> _EXERCISE INSTRUCTIONS_
Leaving the pictures out, print the lines from the first line of the listing through the line containing "Joon Poppy Pillow", exactly as they read, and no others.

> _INFORMATION PROVIDED_
___

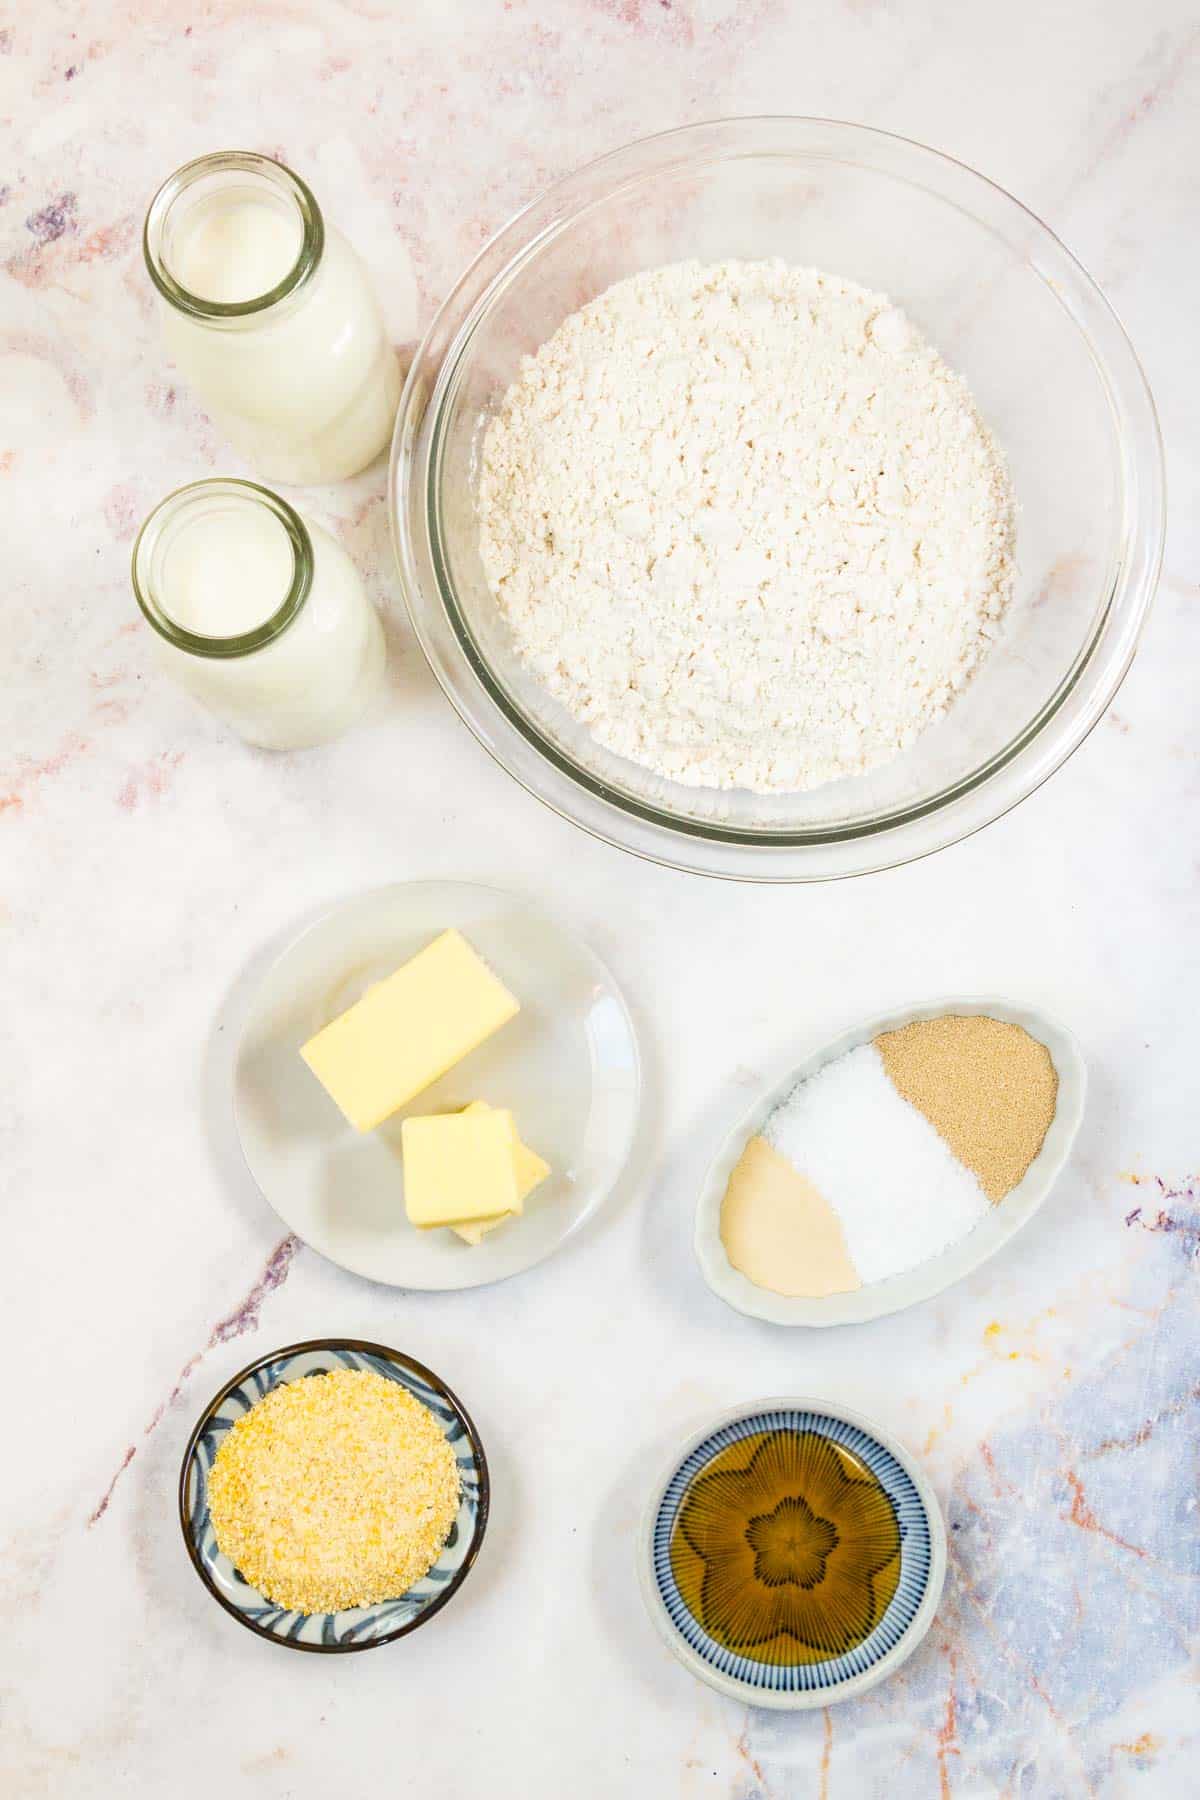 All of the ingredients to make fgluten free English muffins set out on a countertop.
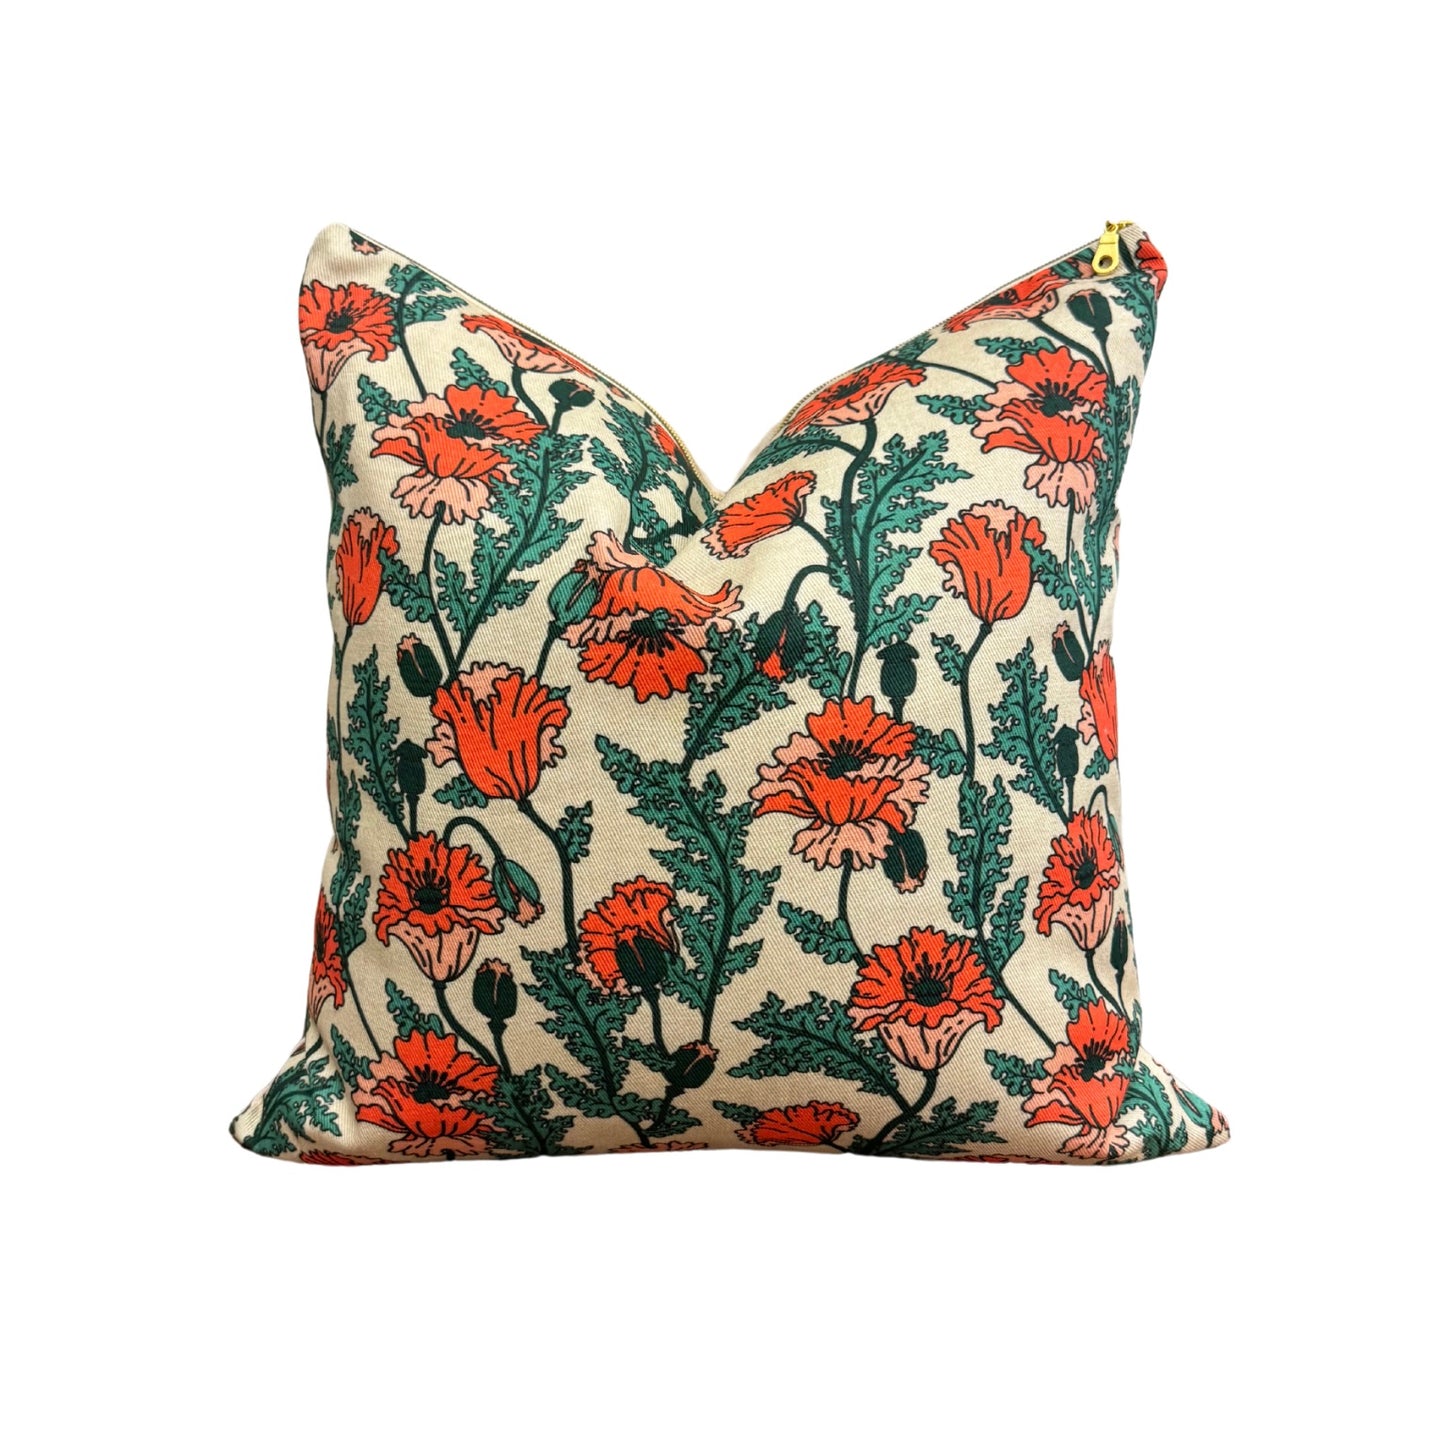 Joon Poppy Pillow Cover - Designed by Holli Zollinger
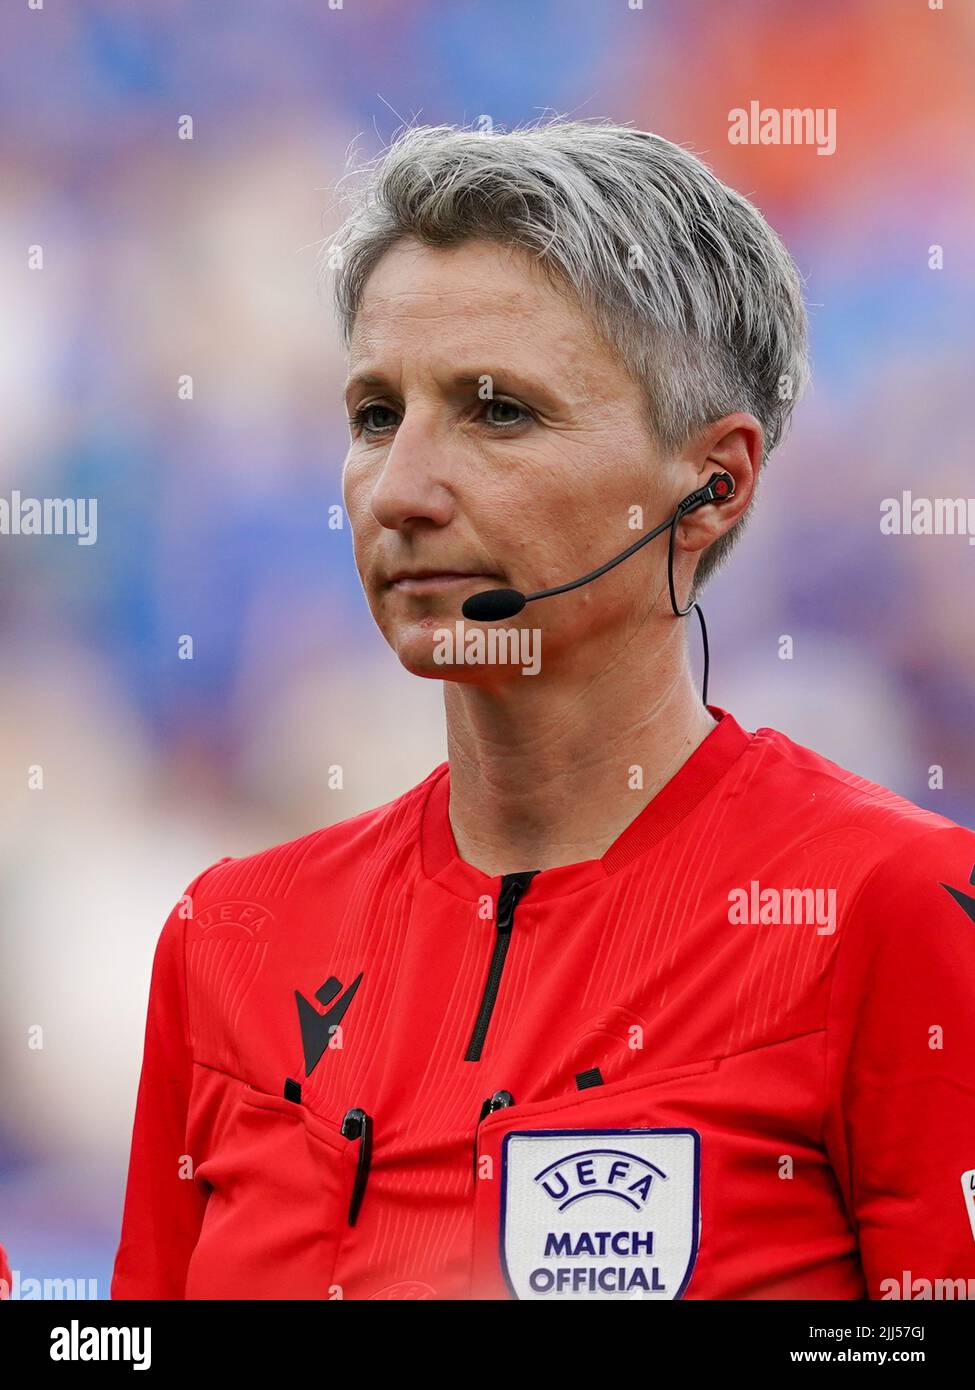 Rotherham, UK. 18th July, 2022. Referee Jana Adamkova (CZE) during the UEFA Womens Euro 2022 group D football match between Iceland and France at New York Stadium in Rotherham, England. (Foto: Daniela Porcelli/Sports Press Photo/C - ONE HOUR DEADLINE - ONLY ACTIVATE FTP IF IMAGES LESS THAN ONE HOUR OLD - Alamy) Credit: SPP Sport Press Photo. /Alamy Live News Stock Photo

___

> _EXERCISE SOLUTION_
 All of the ingredients to make fgluten free English muffins set out on a countertop.
 Joon Poppy Pillow Cover - Designed by Holli Zollinger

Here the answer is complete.